O apartamento de cinco cômodos da produtora audiovisual Sinara Sonallio, a Nara, 41 anos, no bairro Menino Deus, em Porto Alegre, se transforma num grande depósito de objetos capazes de levar sorrisos às crianças. Na sala, as caixas de brinquedos e as mochilas repletas de cadernos fazem desaparecer a televisão e o sofá. No quarto, o guarda-roupas divide espaço com um armário de duas portas destinado às roupinhas de bebê e aos pacotes de fraldas. Na cozinha, os bichos de pelúcia, já lavados, esperam um destino, o mesmo reservado àqueles ainda pendurados no varal.
A chow chow Maggy e a gata Rana, fiéis companheiras da dona, não parecem se importar com a falta de espaço em certos períodos do ano, especificamente a volta às aulas, o Dia das Crianças e o Natal – quando as atividades promovidas por Nara se intensificam. A corrente de solidariedade a que ela deu início, há quatro anos, ganhou força desde então.
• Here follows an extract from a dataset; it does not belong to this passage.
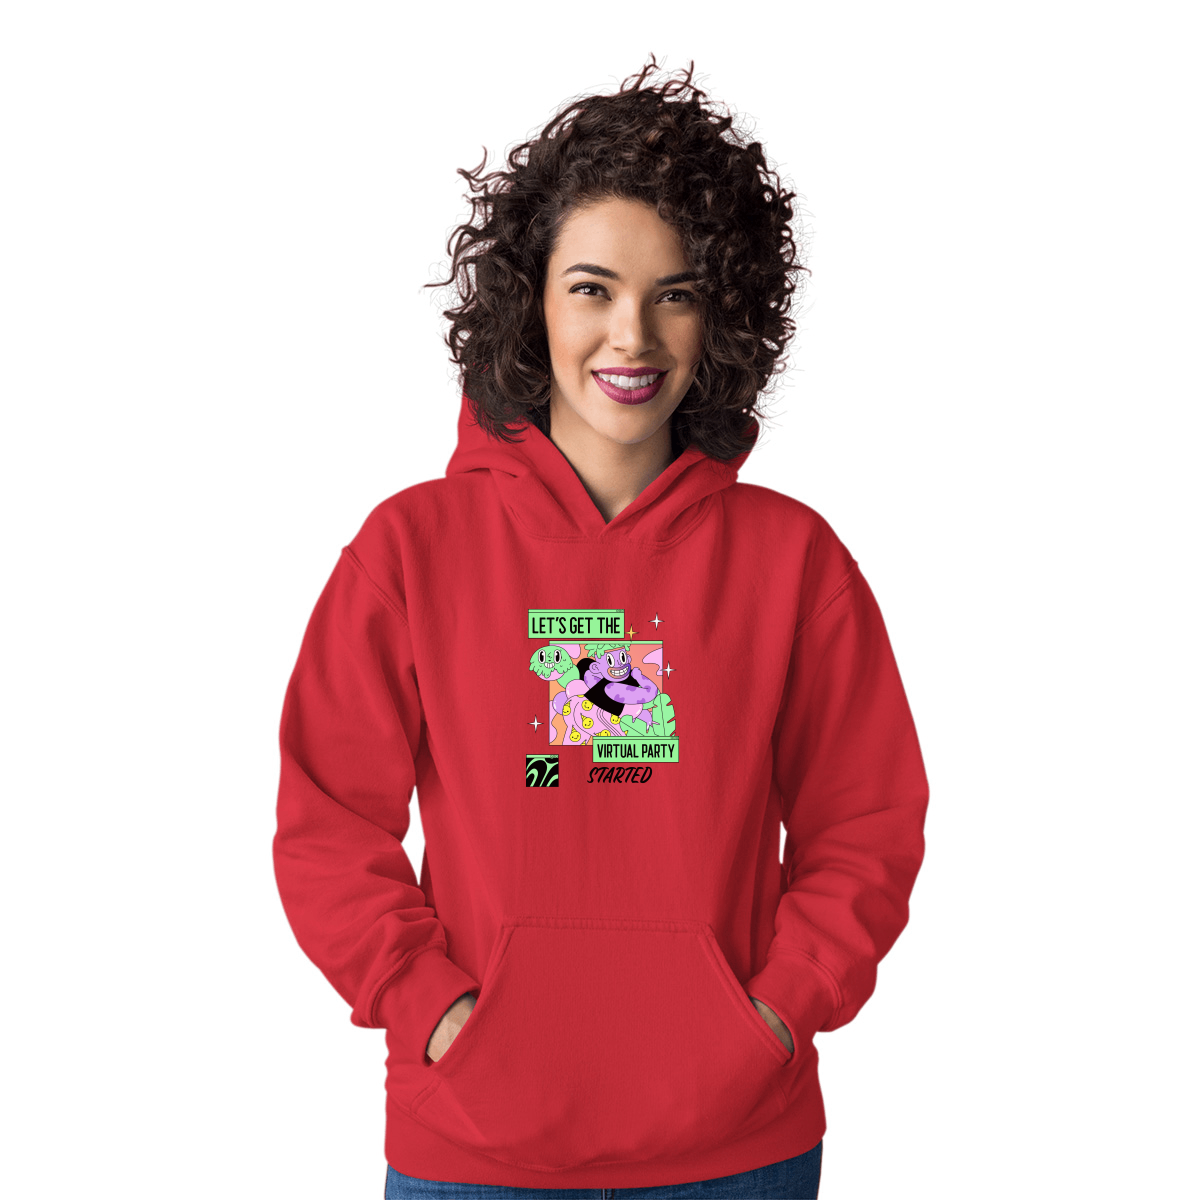 Let's get the virtual party started Unisex Hoodie | Red

Pelo menos 8 mil crianças da Capital e da Região Metropolitana já foram presenteadas, graças à mobilização iniciada por Nara nas redes sociais. Hoje, a ação tem nome: Criança Mais Feliz.
Nascida em São José do Cedro (SC), Nara morou em Toledo e Maringá, no Paraná, antes de 2010, quando chegou a Porto Alegre. Sem saber ao certo o que fazer para ajudar os outros, jamais havia se envolvido com iniciativas solidárias. Até ver uma reportagem na TV sobre os flagelados nas enchentes de outubro de 2015, na Capital. Comovida, preparou chá e bolachas e levou às famílias abrigadas no ginásio Tesourinha. Impressionada com a movimentação dos voluntários, Nara se dispôs a auxiliar em outras funções. Naquele dia, ficou ali das 9h30min às 22h.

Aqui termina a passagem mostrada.